Предисловие (оно же вступление)

Давным-давно произошла, однако,
история. Забыли все о ней.
А в княжестве, каком? Ну, не в Монако,
и, кажется, то был не Лихтенштейн.

Да рядом было все – неподалеку,
об этом слышал, может, кто из вас?
Пусть скажет сразу, чтобы я без толку
не начинал свой путаный рассказ.

Коль с местом действия определились,
про время так скажу - давно прошло,
следы тех дней под слоем пыли скрылись,
и сверху все бурьяном поросло.

Когда б для ясности, в пример для счета,
за десять лет по пальцу загибать,
то вы на круге третьем иль четвертом
собьетесь... И кой черт тогда считать?

Ну, словом в обозначенном мной месте,
крестьянин жил в том времени былом,
хозяйство вел, жил, в общем, честь по чести.
Не пил запоем, был не дуролом.

Он жил в селе от центра удаленном
И незаметно век свой проживал.
Знай, рожь сажал, и лён определенно.
Рожь жал, а лён потом трепал.

Не славился он рвением к работе,
и лодырем его нельзя назвать.
Таких всегда в любом селе найдете
число большое, не пересчитать.

Крестьянин тот, хоть жил не столь богато,
но крепкое хозяйство сколотил –
имел лошадку, сад, построил хату,
трех сыновей погодков он взрастил.

Тут кто-то скажет вот, мол, повторяюсь,
про трех он сыновей уже читал.
Тогда так было принято, ручаюсь,
продам, почем и сам я покупал.

По праздникам грешил он - бражку квасил,
постов он ни шиша не соблюдал.
А звали как? Допустим Афанасий!
И почудней мир имена видал.

Он не был у правительства в почете,
им лишь бы бунт никто не затевал.
Короче, миллион таких найдете!
Но, я отвлекся... и сюжет прервал.

Трех сыновей поднял! Я для порядка
хочу их имена теперь сказать:
Фрол старшим был, второй Потап, Васятка
(решил отец так младшего назвать).

Про ум скажу Фрол – разума большого
и образован, значит - голова,
Потап во всем же слушался старшёго
и на лету хватал его слова.

А вот Васятка тот не уродился,
братьёв не слушал, чем он их бесил,
учить нет денег, он и не учился,
и под придурка, знай, всегда косил.

Всех дел, что в жизни делать мог Васятка:
с гармошкой на гулянках завывать,
гонять ворон с надела, коз по грядкам,
и по кустам девчонок зажимать.

Вот внешностью Васятка прям удался,
не то, что Фрол рябой, косой Потап.
Высок был, волос в кудри завивался,
да и румян.

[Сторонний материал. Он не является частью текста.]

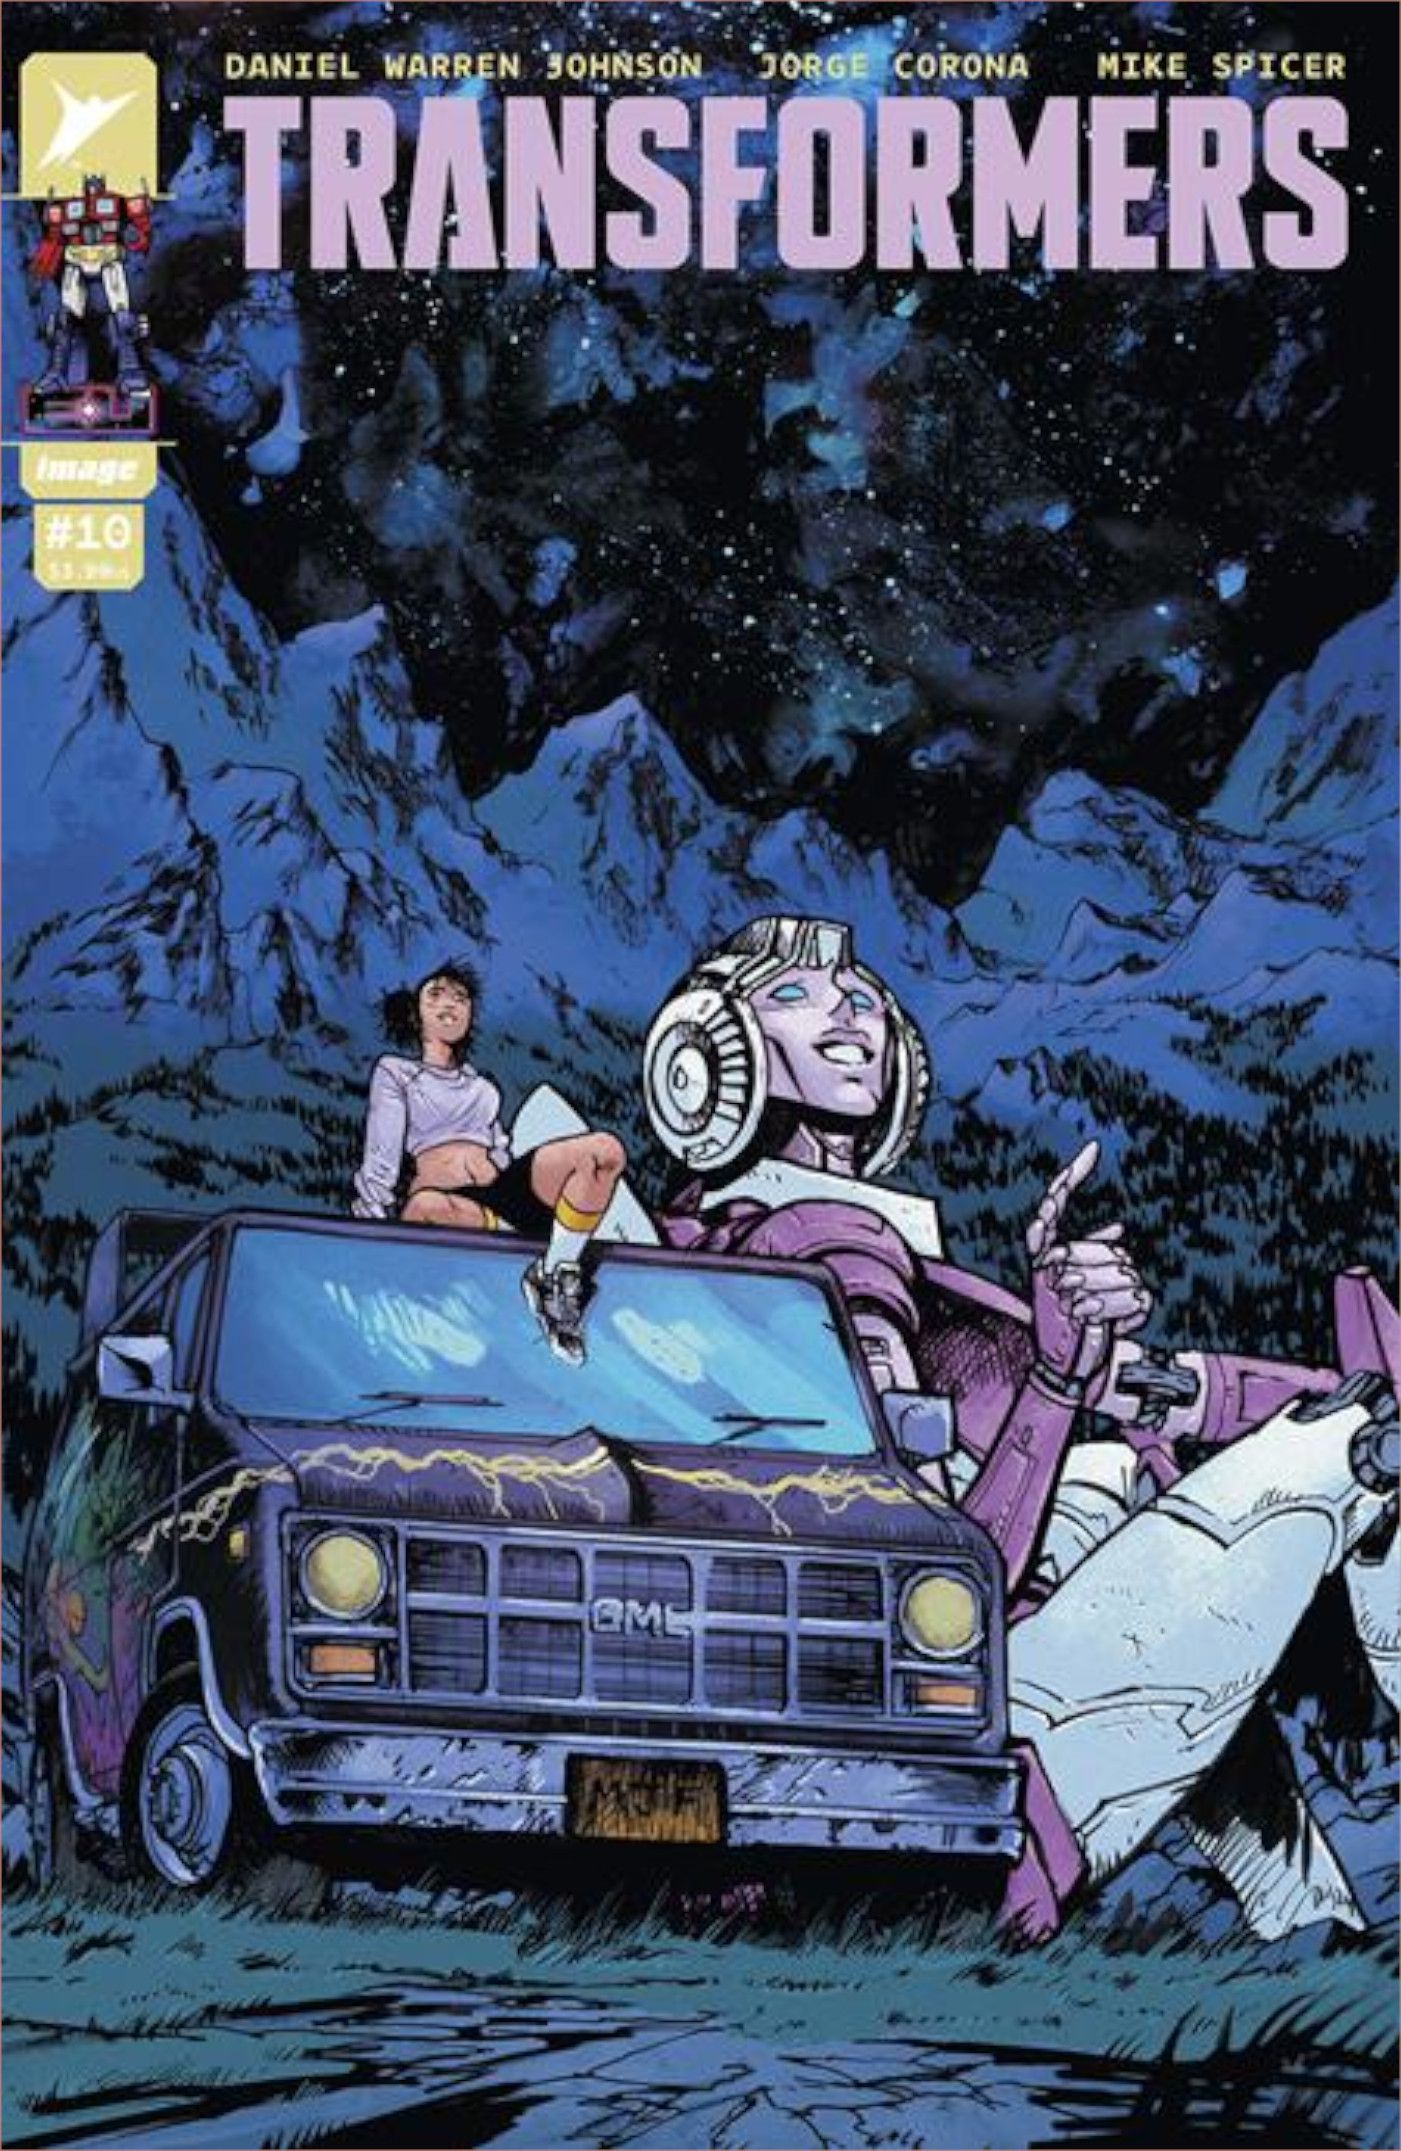 Capa de Transformers #10 por Daniel Warren Johnson, personagens humanos e Autobots olhando para as estrelas.

В плечах как дедов шкап!

Красивый был, но дюже бестолковый –
в хозяйство не вникал, в дела не лез.
Братья решили - туп, как пень еловый!
Балбес, как есть, и в Африке балбес!

Коль кормишься землей – не быть богатым,
зазря Афоня жилы надрывал.
От сельского труда он стал горбатым,
хотя голодным сроду не бывал.

Вступление на этом я закончу,
им к сказке я вас тут приготовлял.
Что дальше? Тот услышит, кто захочет,
кого рассказ мой заинтриговал.

Лиц действующих в строки расставляя
увлекся я, а вы уж извелись.
Сидите, откровенно все зевая,
и разбежаться дружно собрались.

Кому почистить нос, испить водицы,
кому в затылке, может, почесать.
Расслабьтесь малость, я вам не учитель –
могу рассказ в любой момент прервать.

Себя в порядок тотчас приведите,
потом рассказ надолго заряжу
и цепь всех удивительных событий
я непременно вам перескажу.




Глава I, в которой все вроде бы должно начаться.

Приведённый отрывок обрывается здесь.